Similarly, acknowledging the value of ‘local’ expertise is essential. This can be achieved in two steps: 1) recognizing that our impact will never be whole unless we include the perspectives of our colleagues living where we want to enact change, and 2) creating a level playing field for ourselves and ‘local’ staff. We might be the experts on models and other technical levels, but ‘local’ staff are the experts on the ‘local’ problem. ‘Local’ staff are also the experts on what solutions would or would not work. Reaching this step requires humility but also respect and inclusivity. We must accept that we do not know everything. Health is a social construct deeply affected by culture, so we must accept that, our expertise can go only as far as our local colleagues take it. Together, and only together, do we find the right solutions to the right problems.
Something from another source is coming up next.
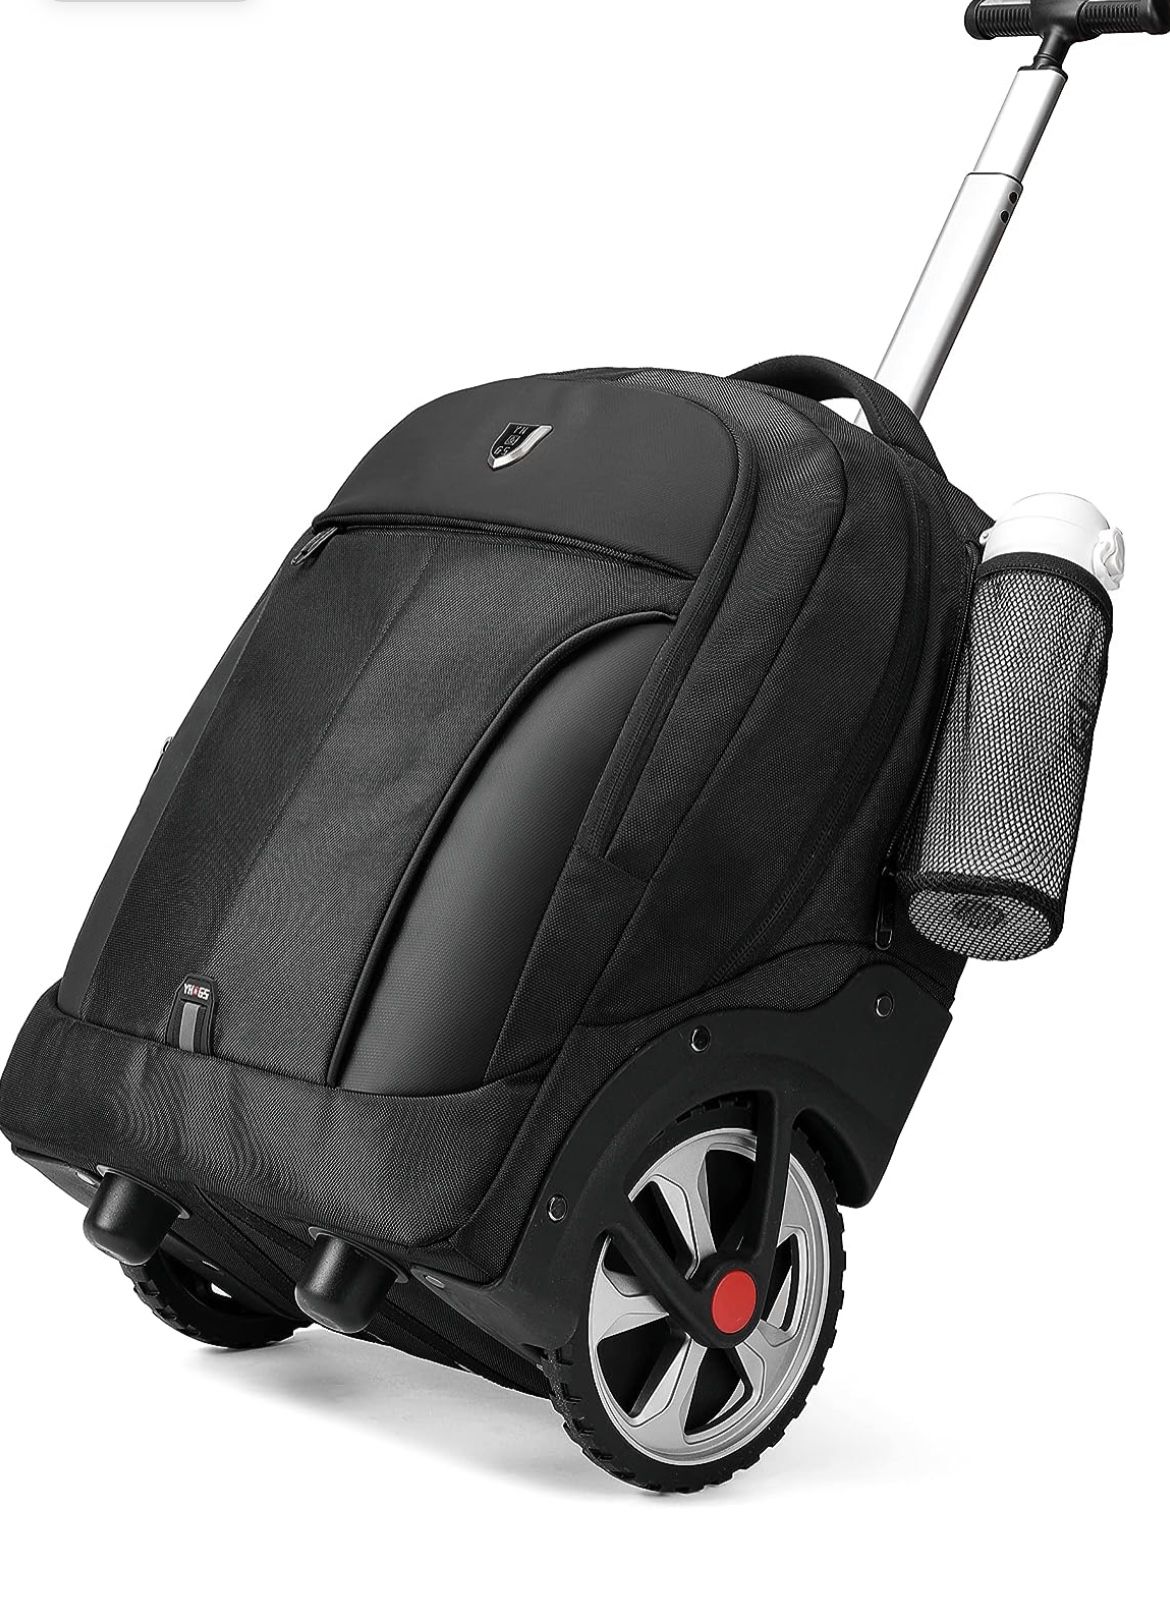 Rolling backpack, waterproof backpack with wheels for business, university students and travelers

Let’s continuously ask ourselves: how do we use what we collectively know to impact change together?

Once we find an answer to that question and feel comfortable with the answer, we would see no threat in initiating more inclusive approaches to our work. For instance, including ‘local’ staff at the inception of a new project (as early as that first HQ team meeting that leads to a concept note), in the protocol and proposal development, in implementation design and actual implementation, and finally, manuscript development and dissemination. Indeed, this calls for full, unhindered open collaboration.


Once we have learned to establish sophisticated inclusive communication styles, we can see the value in taking the time to understand others’ perspectives. Once we have done that, and we have learned to recognize their insight and include them in every phase of our work, then, and only then can we say that we have shown respect for them as colleagues and as human beings. This form of respect is the cornerstone for any dignified relationship, especially in the global health workplace.

The lack of appreciation of female researchers at the beginning of their careers can lead to a loss of confidence, which may explain why some stagnate or are tempted to leave because they do not feel valued. These are the consequences of a toxic and non-inclusive environment that can result from colleagues not taking the time to understand ‘local’ communication.

About Ghislaine Ouedraogo-Ametchie

MPP; Social Scientist at the Pan-African Mosquito Control Association (PAMCA); Qualitative Researcher at Malaria Modelling Lab at Northwestern University; and Stakeholder Engagement Lead at Project Last Mile. Founding Member, Pan African Women in Health (PAWH).

About Dr Mareme Diallo

Postdoctoral Researcher on Maternal and Neonatal Health and Health Systems in West Africa; Medical Research Council Unit The Gambia at LSHTM. Mareme is based in Senegal, at the University of Check Anta Diop.